Татаров. Это из Водена.
Неусыхин. Это из Энгельса. Я сомневаюсь в том, что у тов. Фридлянда есть основания не доверять сведениям, напечатанным Рязановым в «Летописях марксизма»...
Фридлянд. Я только подвергаю критике источник.
Неусыхин. Затем, я хотел бы остановиться на вопросе о том, как вообще производится это применение марксистского метода в конкретной исторической работе. Я считаю, что то или иное решение конкретных специальных проблем истории, т.-е. самый результат специального исследования, — особенно по отношению к древним эпохам — в сущности говоря, индифферентно к марксизму. Будем ли говорить, что у древних германцев была община или не было, марксизм от этого ничего не приобретет, ничего не потеряет.
Но для марксизма чрезвычайно важен метод достижения этих самых результатов, потому что применение ложного метода может привести к ошибочным выводам. И в этом смысле я полагаю, что всякий, изучающий конкретную действительность, марксист должен делать это марксистским методом. Если он, применяя марксистский метод, придет к убеждению, что все-таки у древних германцев не было общины, то пугаться этого отнюдь не следует. А между тем, если говорить о методе, то метод Д. М. Петрушевского далеко не всегда, но очень часто, — марксистский. Здесь совершенно была опущена вся глава о Фоме Аквинском...
Фридлянд. Извините, я говорил.
Неусыхин... в которой дан совершенно марксистский анализ явлений из сферы идеологии. Может быть выводы Д. М. Петрушевского опять-таки покажутся кому-нибудь неудовлетворительными, может быть, они противоречат какому-нибудь общепринятому шаблону. Но это значит лишь, что шаблон надо оставить и принять этот вывод.

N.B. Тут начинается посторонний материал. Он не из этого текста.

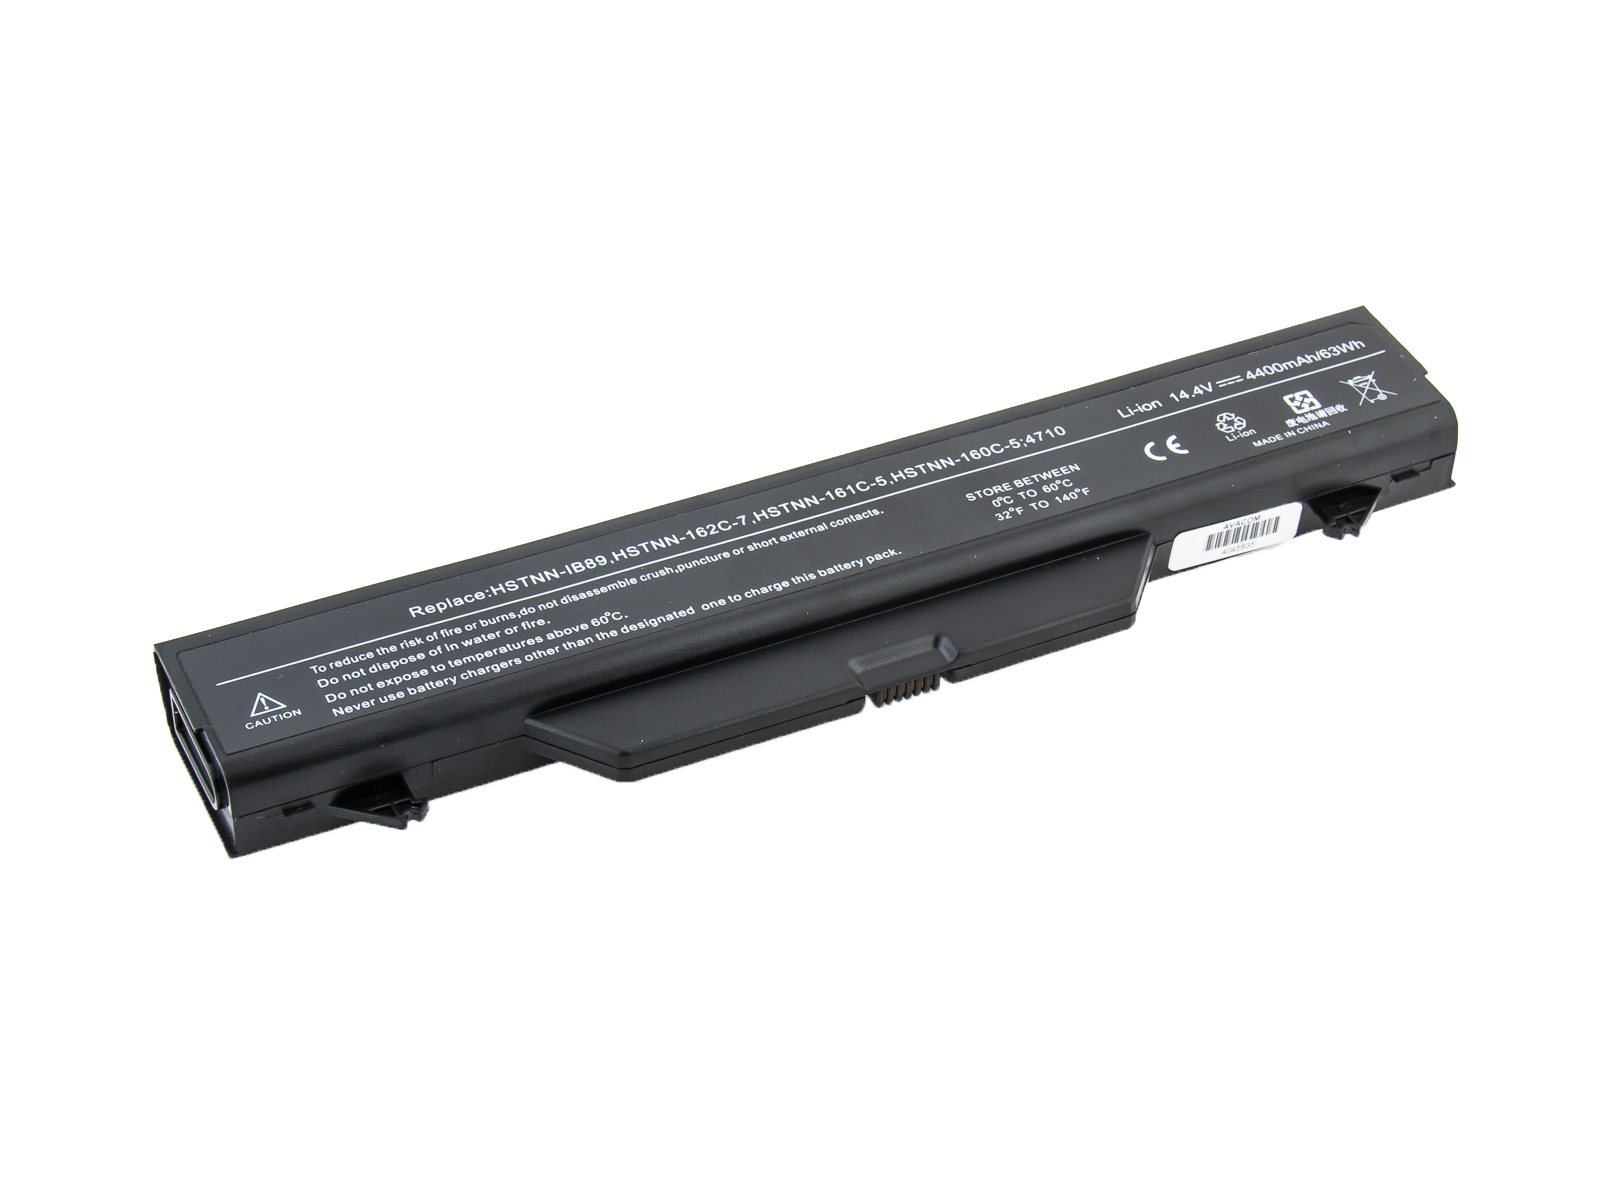 Avacom Baterie NOHP-PB45-N22 pro HP ProBook 4510s, 4710s, 4515s series Li-Ion 14,4V 4400mAh

Здесь много говорилось, что книга Д. М. Петрушевского полемически заострена. Я бы не согласился ни с кем из говоривших в оценке этой заостренности. В самом деле: в чем ее причина? Впечатление создалось такое, что Д. М. Петрушевский написал свою книгу для того, чтобы что-то или кого-то разгромить. Это не верно. Он не хотел разгромить ни марксистов, ни даже Бюхера, против которого книга, казалось бы, направлена. Ему просто нужно было осмотреться вокруг себя, как он сам пишет в предисловии, наметить назревшие и наболевшие вопросы. Но в процессе разрешения этих вопросов он, естественно, встретил на своем пути предыдущие теории и полемически заострил некоторые моменты. Но эта полемическая заостренность не новость в трудах Д. М. Петрушевского. Вы можете ее встретить во всех его старых книгах: в «Восстании Уота Тайлера», хотя это диссертация, в «Очерках из истории средневекового общества и государства» и т. д. Критикует ли он при этом Бюхера резко или мягко, — это вопрос, который нас интересовать не может. Может быть, Бюхера он мог бы интересовать, если бы он пожелал возразить на эту критику.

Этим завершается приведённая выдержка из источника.